I knew a girl in college who was from a very small town in SW Oregon. It was the last place in the U.S. that had four-digit phone numbers. That was around 1976.
Yup, and on a phone “0” isn’t “0”, it’s “10”.
Ten little clicks after dialing zero, that’s right.

Just kidding.... But we did have a couple of them hanging on the walls as decor.
But our working phone for years was that black Western Electric rotary dial that was pictured several times up thread.
What were the longs and shorts?
Oh no....Just my daughters telephone number in case I get lost. lol
My aunt actually had one of these. This is maybe 70 years ago. I remember one ring for her...two for the other party.
Do you now?
I bet if you call ORegon 03143, you won't get her...
The phone included a separate little writing desk that attached to the wall below the phone with a little flip-up lid to store memo paper and pens. It was really handy.
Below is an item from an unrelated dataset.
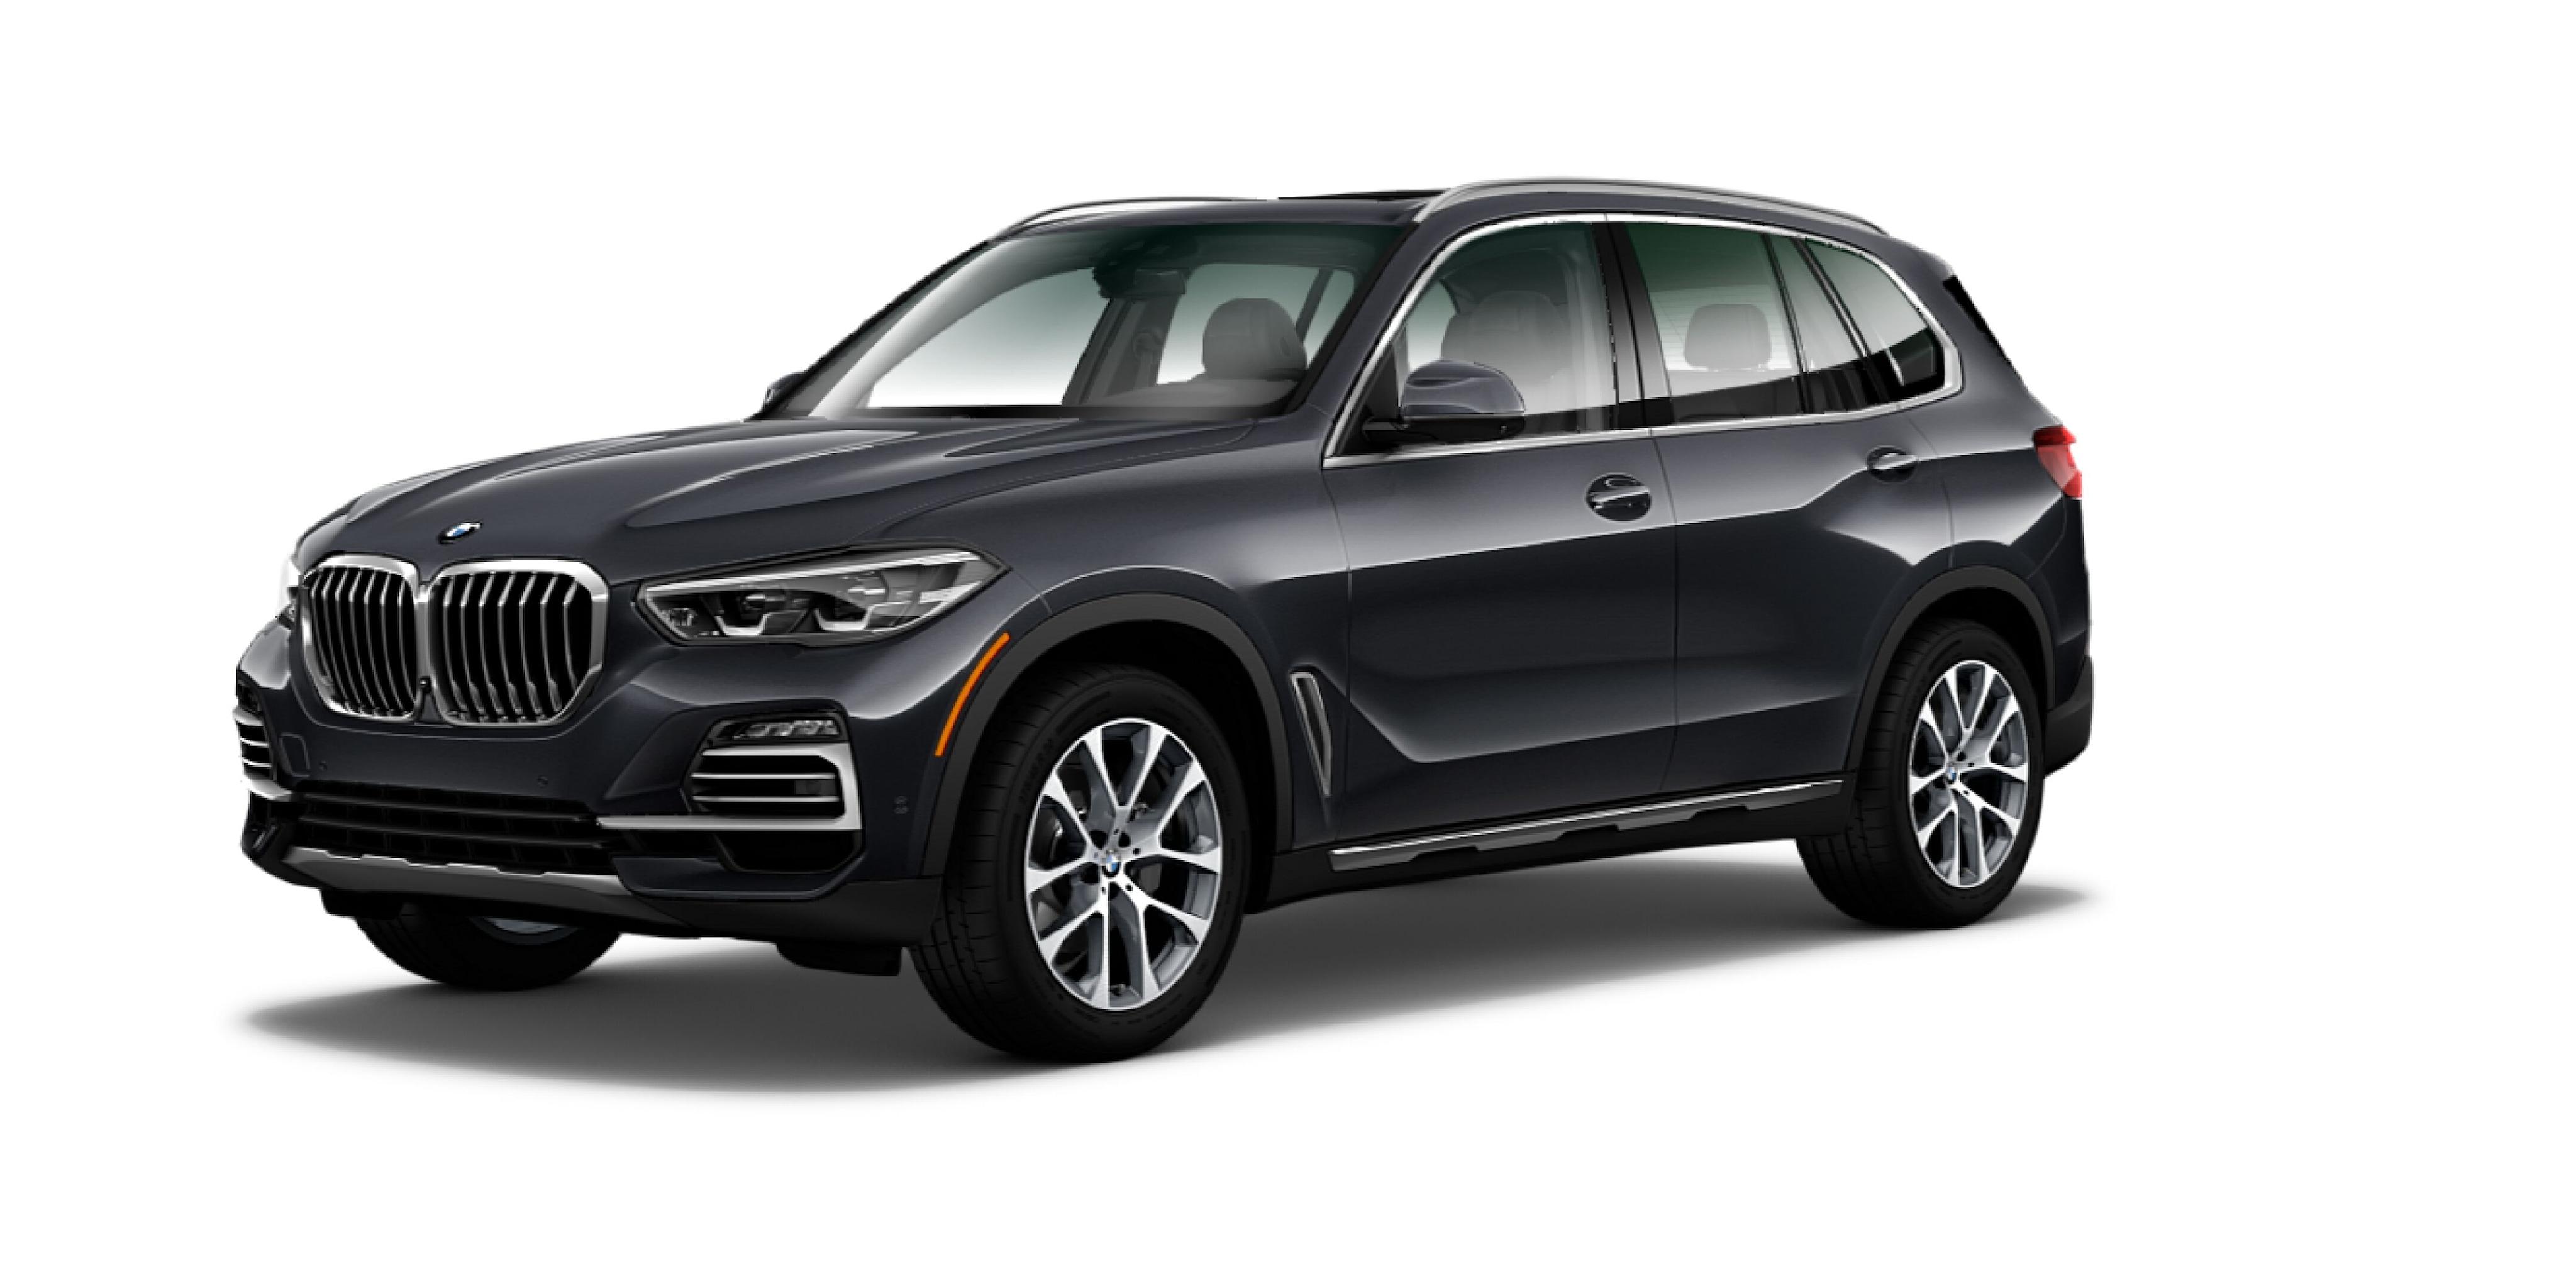 2020 BMW X5 Sport Utility

"Maude, I KNOW you're listening. Get off the line!" (reminiscent of my grandparents party line)
Rotary phone and a two party line. If you picked up the phone and someone else was talking you just hung up and waited 10 minutes. 😉
The coiled and tangled cord on that wall Princess phone is a nice authentic touch. They ALWAYS did that.
“What were the longs and shorts”
If it rang: riiinng riiinng ring, that’s two longs and a short, and you answered it.
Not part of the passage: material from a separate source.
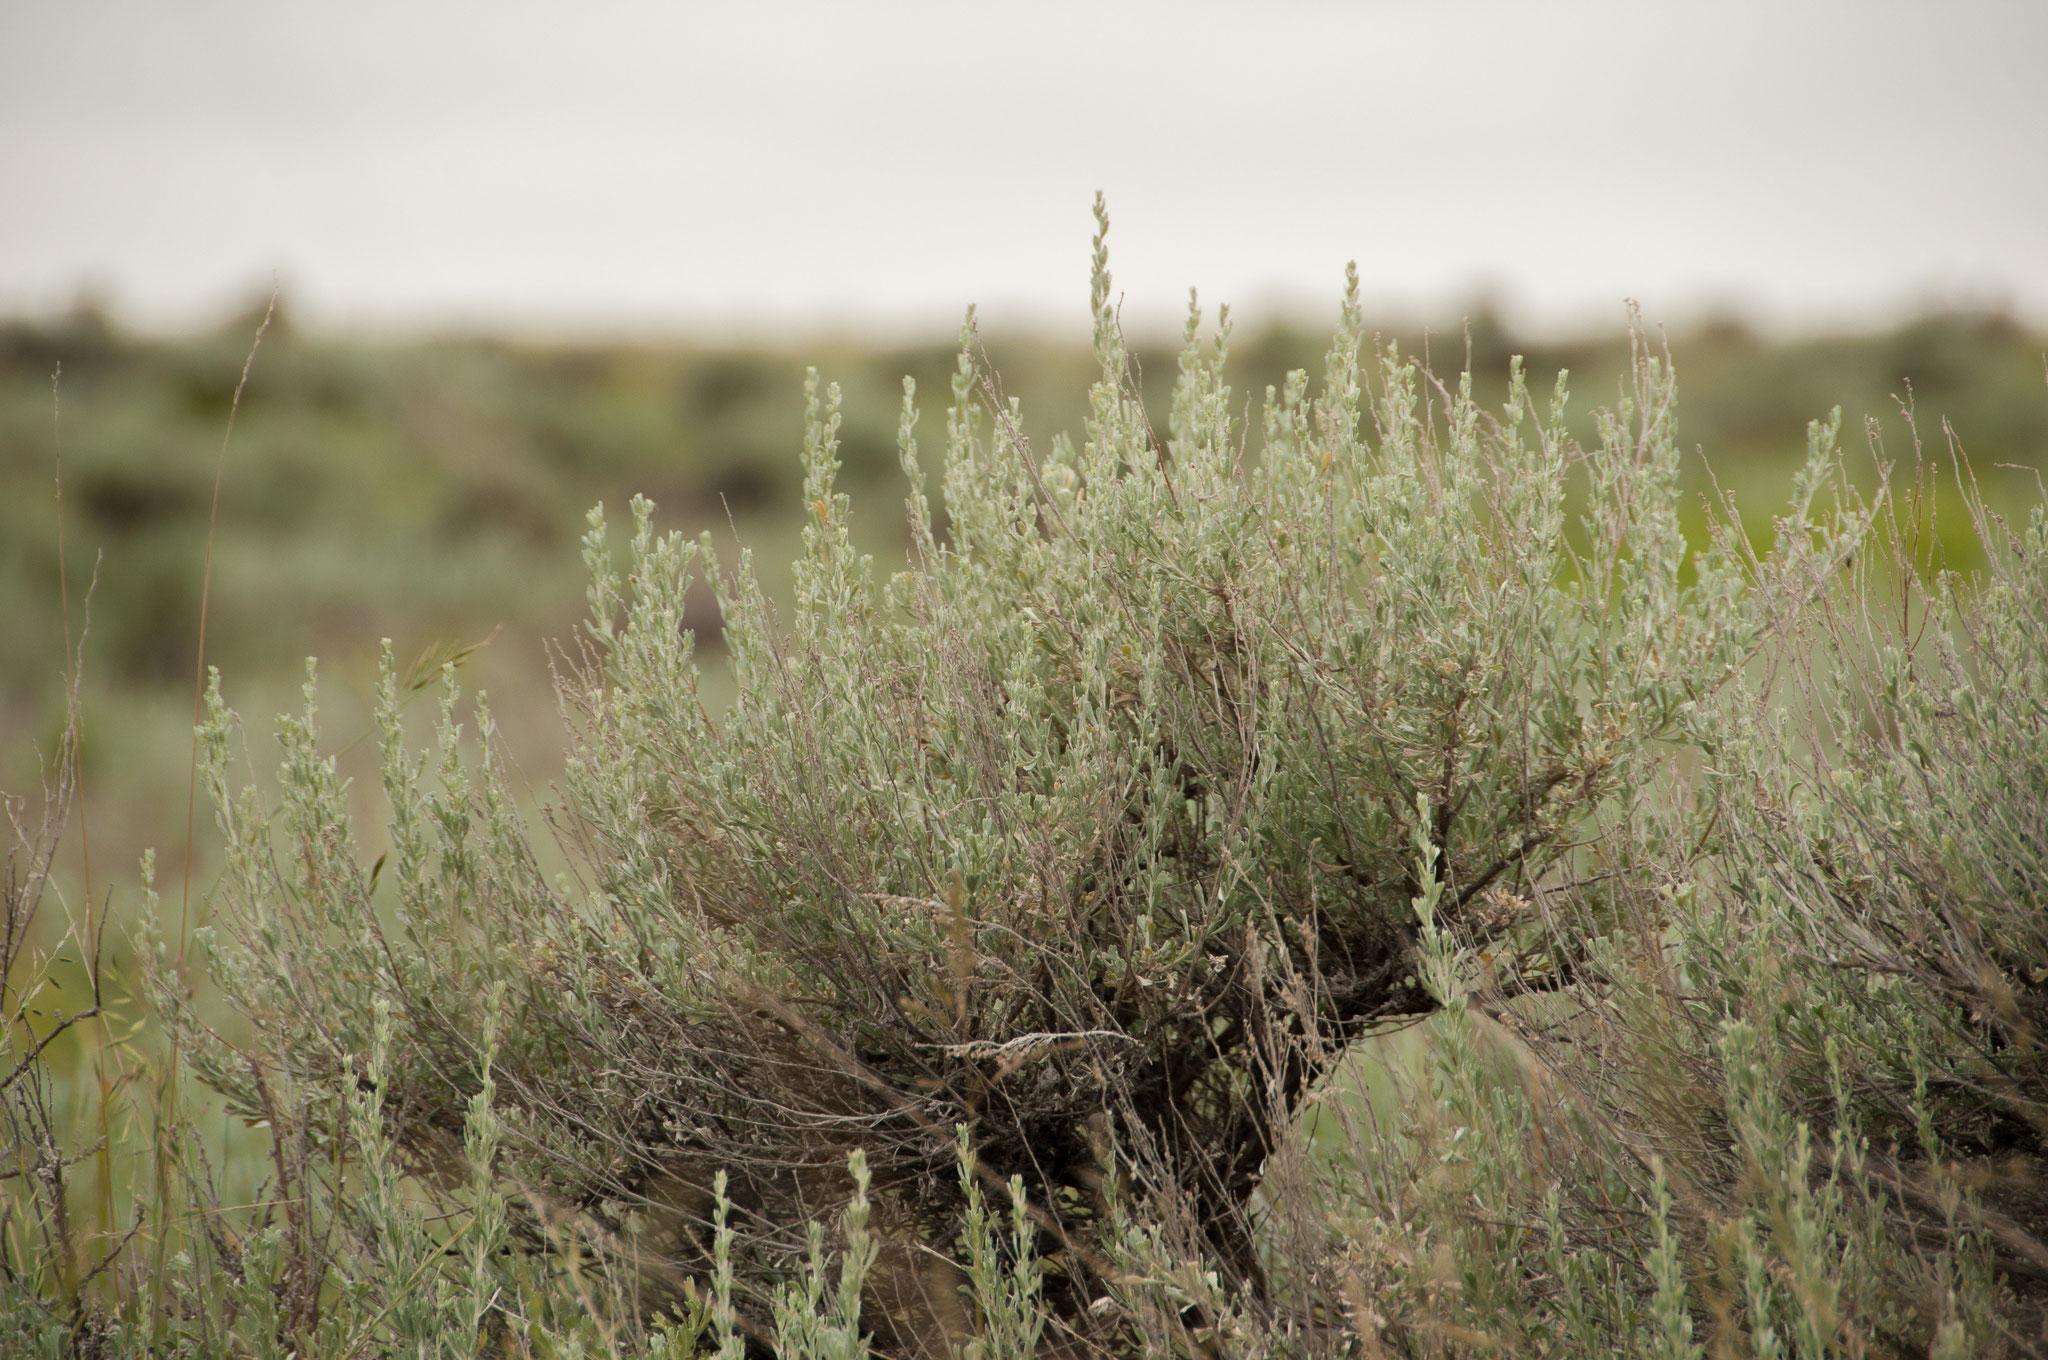 White Sage - der Weisse Salbei aus den USA. Eine reinigende und schützende Pflanze.

If it rang: ring riinng ring, that’s a short, a long, and a short , and you didn’t answer it. That was for Mabel Green down the road.
I think there were four families on the party line. All houses heard all the rings, and you had to know your specific code.
Don’t answer Mabel’s phone, you might hear stuff you shouldn’t know. (Of course, picking up your receiver very quietly and you could listen in - LOL!)
Party line. Two longs and a short.
Mrs. Oleson always listened in when she ran the town switchboard.
I miss the office phones from the 90s. We would remove a co-worker’s voice/speaker box from the phone’s receiver and hide it in one of their drawers.
It made for a really fun prank. I had it pulled on me a couple of times too.